= Pseudodominance =

Pseudodominance is the situation in which the inheritance of a recessive trait mimics a dominant pattern.

Normally, two recessive alleles need to be inherited (one from each parent) for the recessive trait to be expressed but recessive merely means that the trait is only expressed in the absence of the dominant alleles. The pattern of inheritance in which a single recessive allele is inherited but is still expressed is known as pseudodominance. This mainly occurs with sex-linked genes (i.e., those on the sex chromosomes). The homogametic sex (females in humans) receive two of each sex chromosome and therefore need to be homozygous to show a recessive trait. The heterogametic sex (males in humans) only receives one of each sex chromosome and will therefore show recessive trait even if they have only inherited one copy of a recessive allele.

Haemophilia and red-green colour blindness are recessive, X-linked, pseudodominant genetic disorders, expressed mainly in human males because human females need to be homozygous (i.e., to have inherited the recessive allele from both parents) to show these traits.

Pseudodominance is also observed in some autosomal recessive conditions.
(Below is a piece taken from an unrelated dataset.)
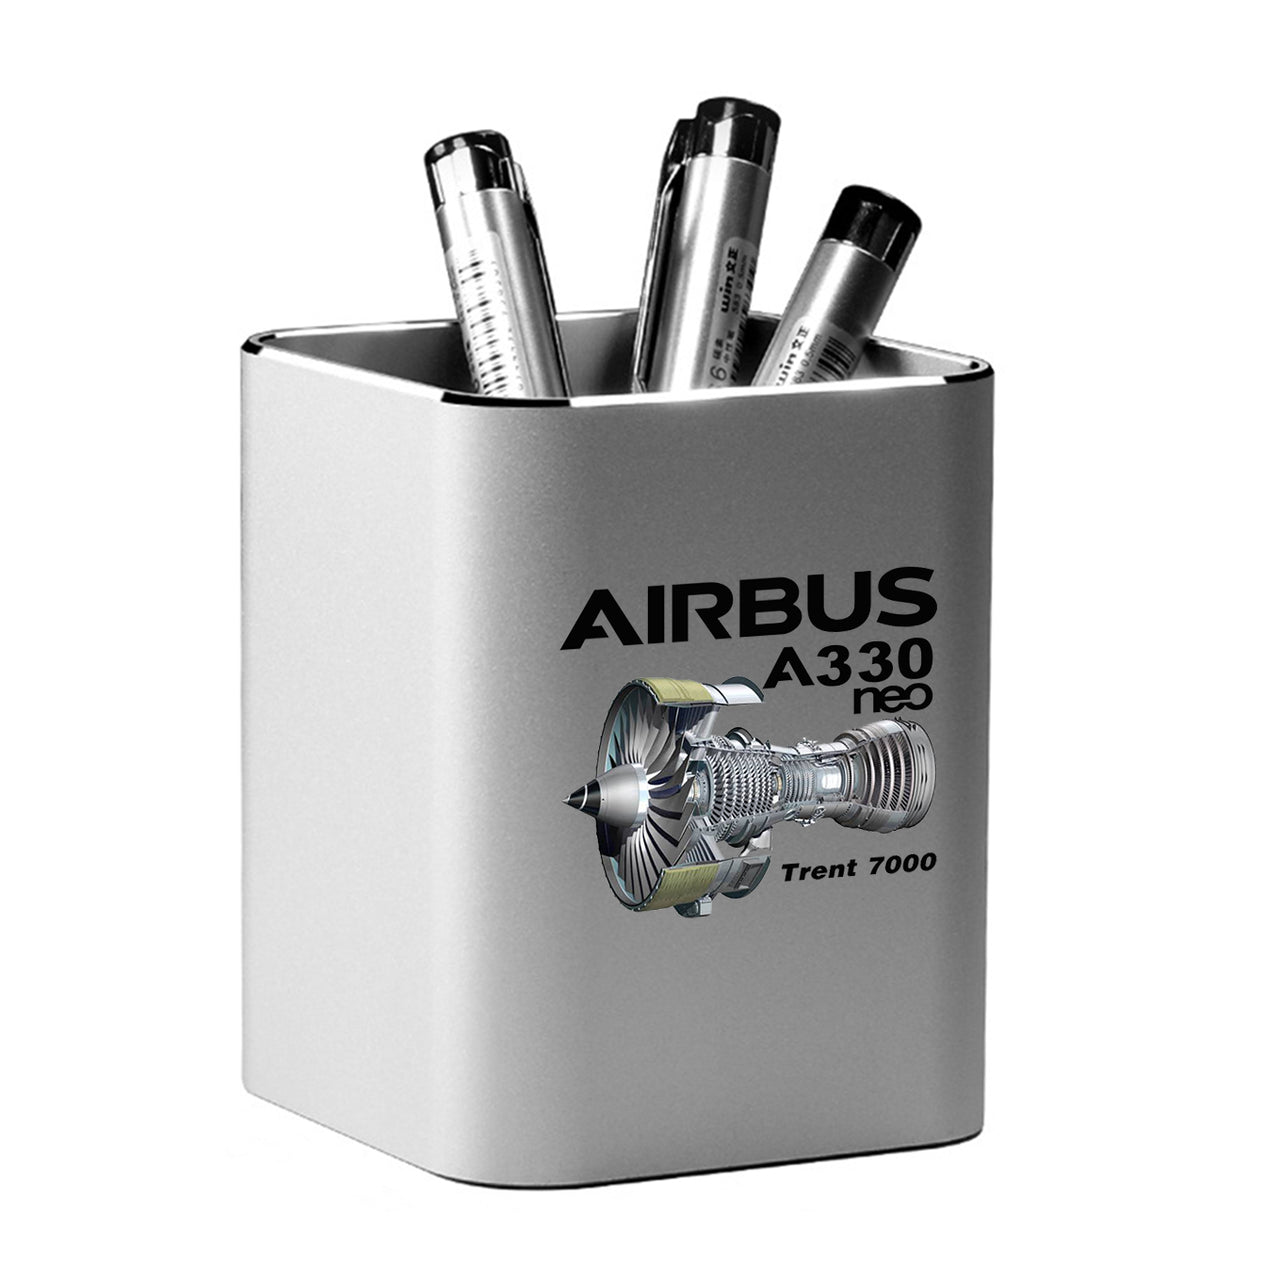 Airbus A330neo & Trent 7000 Designed Aluminium Alloy Pen Holders

This could happen in the cases of loss of the dominant allele (deletion) or of a deficiency mutation in the dominant allele in one homologue. The heterozygous condition is therefore lost at that particular locus. The individual becomes homozygous and the recessive phenotype is revealed. In a study on ectrodactyly with aplasia of long bones syndrome involving eight-generation consanguineous family in the United Arab Emirates in 2006, the condition was observed in 23 out of 145 individuals. There were 10 consanguineous marriages in the pedigree, and this suggests possible pseudodominace in the family due to high frequency of the mutant allele.

Imprinting, where one chromosome is 'switched off', can also produce pseudodominant patterns of inheritance.